Longplayer Review – Solastalgia, time, sound and our environment

Visiting Longplayer, at Trinity Buoy Lighthouse in East London, evoked, for me, a sense of ‘solastalgia’ – “the grief of witnessing environmental change in a place you still inhabit”. The feeling that over our lifetimes – just a tiny part of the thousand years’ duration – so much has and will change in our environment. The piece prompts those who visit it or anyone who listens to think about just how long a thousand years is compared to our short human lifetimes – and then, further, how short a thousand years actually is in comparison to the lifespan of the universe, or to eternity. Furthermore, the fact that Longplayer has existed since before my lifetime – it prompted me to think about how much has changed in our environment in my lifetime already. How much it has changed since the beginning of Longplayer, 25 years ago (2000), and how much will change in the next 25 until the half-century.

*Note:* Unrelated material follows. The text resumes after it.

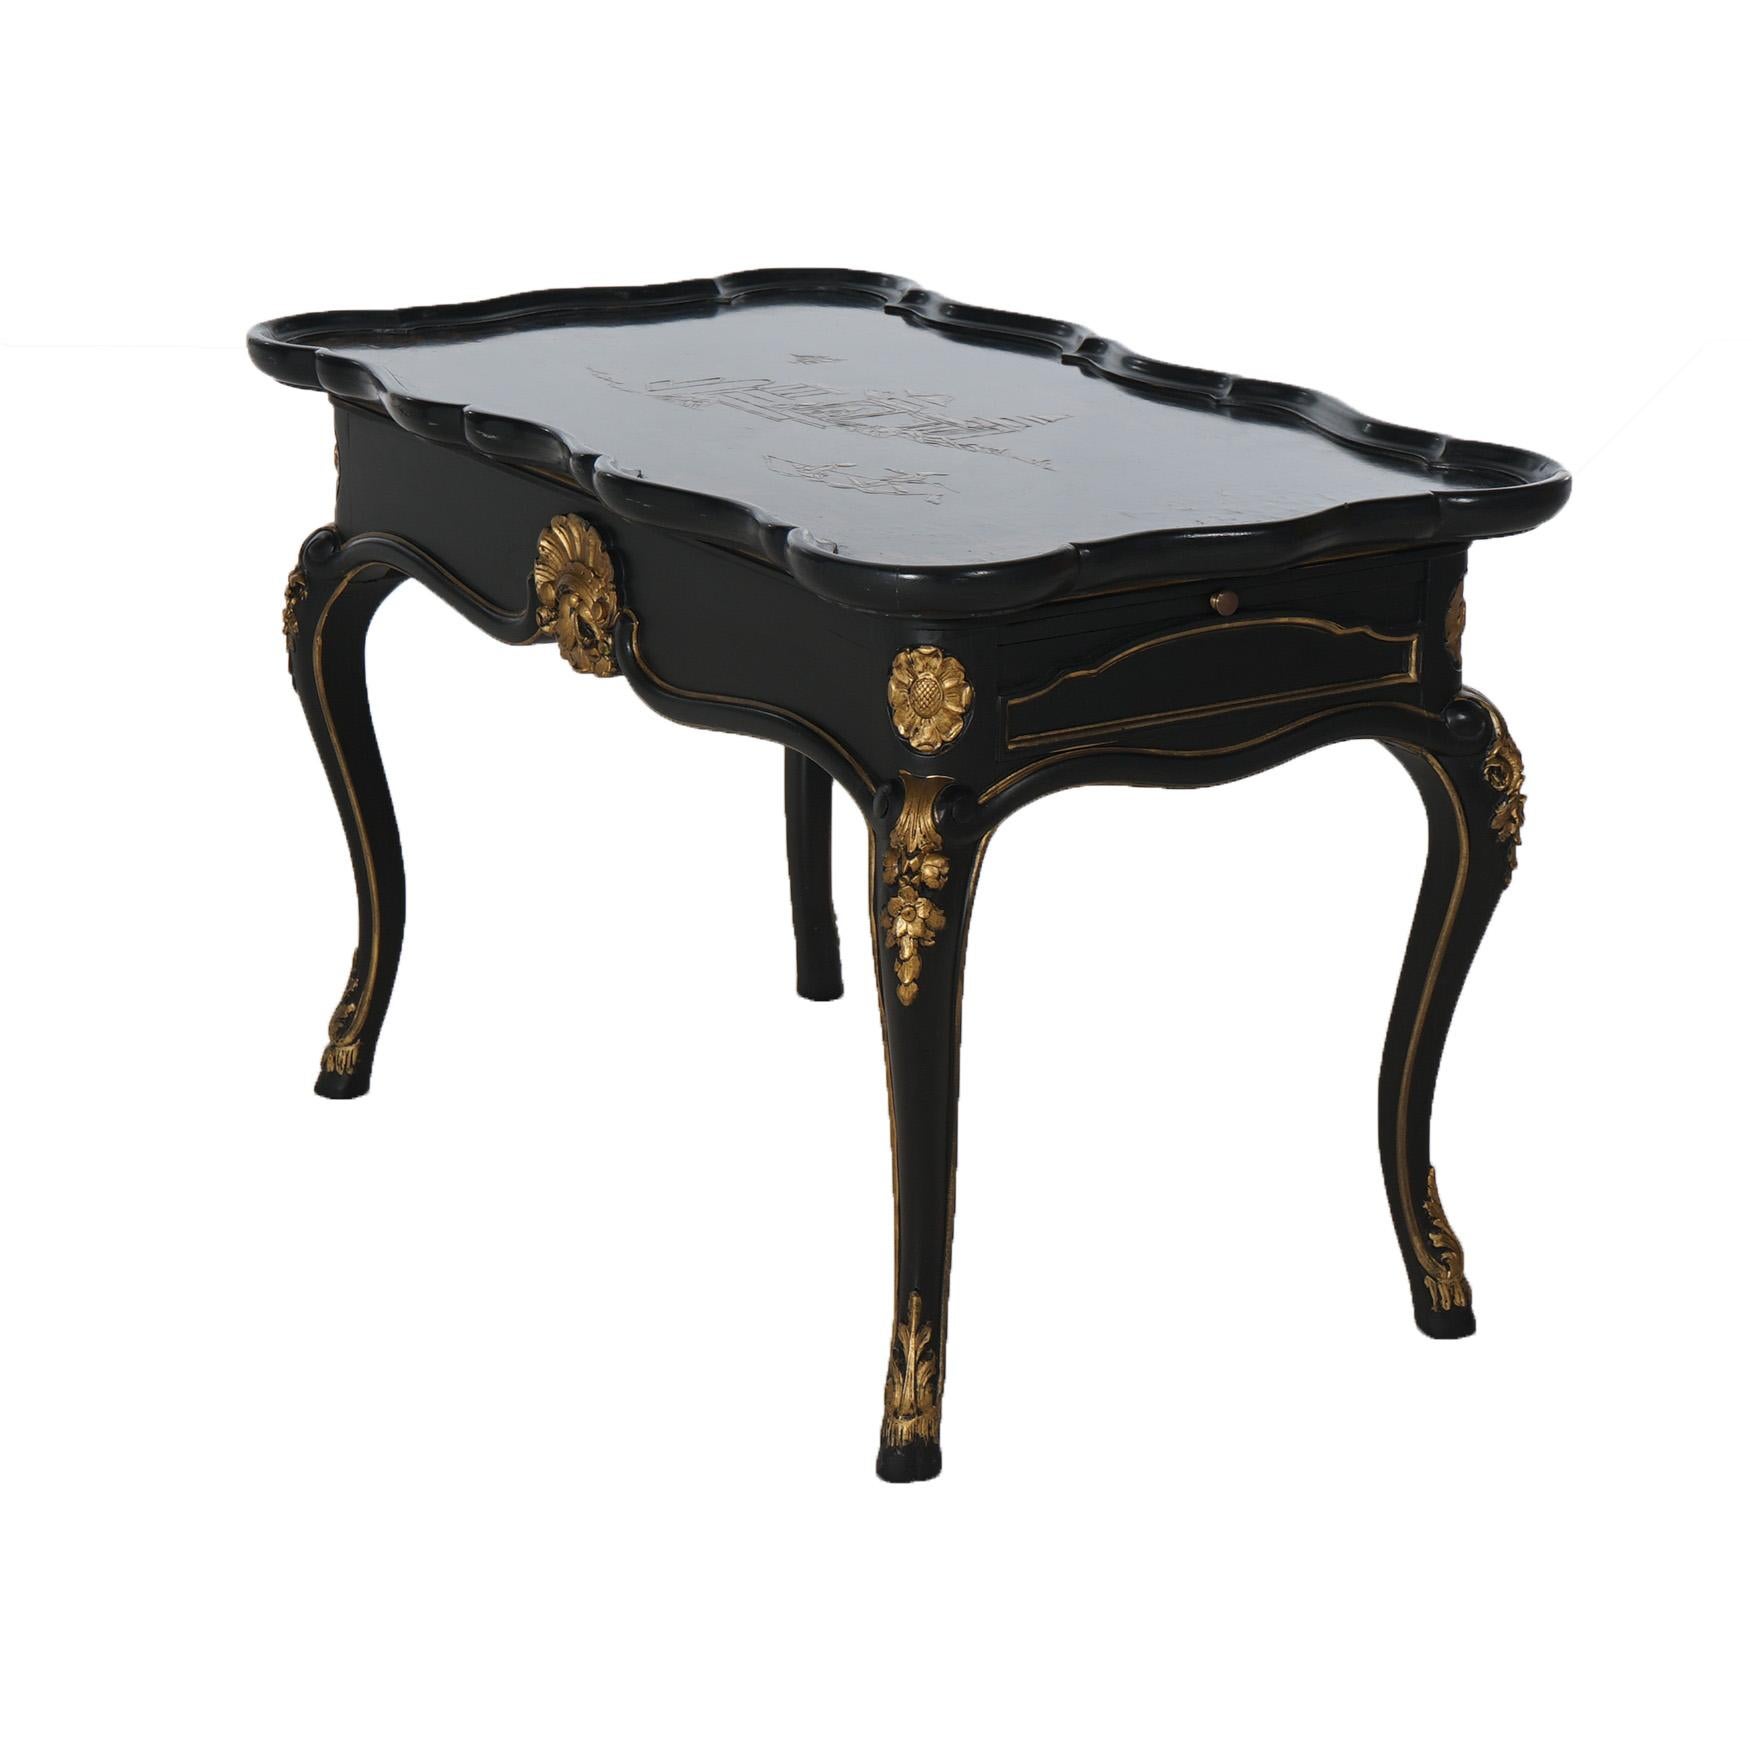  Antique French Style Chinoiserie Gilt Decorated Ebonized Low Tea Table C1930 3

Here is a fragment from an extended field recording I took in the lighthouse.

Longplayer as an installation is a piece of music which never repeats for a thousand years, which seems impossible given how intentional the composition of the sound in the recording feels.

In Steve Connor’s ‘Ears Have Walls’ (2003), he talks about sound’s unique ability to permeate borders, listening as constructing ‘walls’ between certain sounds like in the Sonic Boom exhibition which he references, and sound in the gallery as removing the gallery walls and bringing “the outside in”. I think this is relevant to Longplayer as a temporal sound installation, as its use of the “unsighted” rather than the “sighted”, to use Connor’s language, speaks to sound as an event rather than an object – existing in both time and physical dimensions rather than being static in space. Also, its ability to mix with other sounds in the environment such as the sounds of the weather outside of Trinity Buoy Lighthouse which shift and change along with Longplayer. “For the presence of architecture, found sounds, environmental noise, and the details of given locations loom as continual input into forms of listening. That is to say, the sonorous world always presses in, adding extra ingredients by which we locate ourselves”  (Labelle, B. 2015).

In the same way that Steve Connor says that ‘Ears Have Walls’, the walls of the lighthouse where Longplayer is currently held are also imaginary. If the existence of the piece in our minds is prompting us to think about its duration of 1000 years and what that entails, then it doesn’t really matter whether it is a sounding object or not. The sound is almost irrelevant – and the walls containing the sound, preventing it from mixing with the sounds outside could just as well not exist. The physical site isn’t the point. However, the fact that it is sound and not a physical object is just what makes the dissolution of these walls, and the feeding of our temporal imagination, possible. A physical object in a gallery that were, say, designed to weather and last 1000 years wouldn’t have quite the same effect as sound. “Sound is intrinsically and unignorabley relational: it eminates, propagates, communicates, vibrates and agitates: it leaves a body and enters others: it binds and unhinges, harmonizes and traumatizes; it sends the body moving, the mind dreaming, the air oscillating. It seemingly eludes definition, while having profound effect.” (Labelle, B. 2015).

References:
Connor, S. (2003) Ears Have Walls. [online] Available at: https://www.stevenconnor.com/earshavewalls/ [Accessed 22 Apr. 2024].

Labelle, B. (2015) “Introduction” Background Noise: Perspectives on Sound Art. Second Edition. New York: Bloomsbury.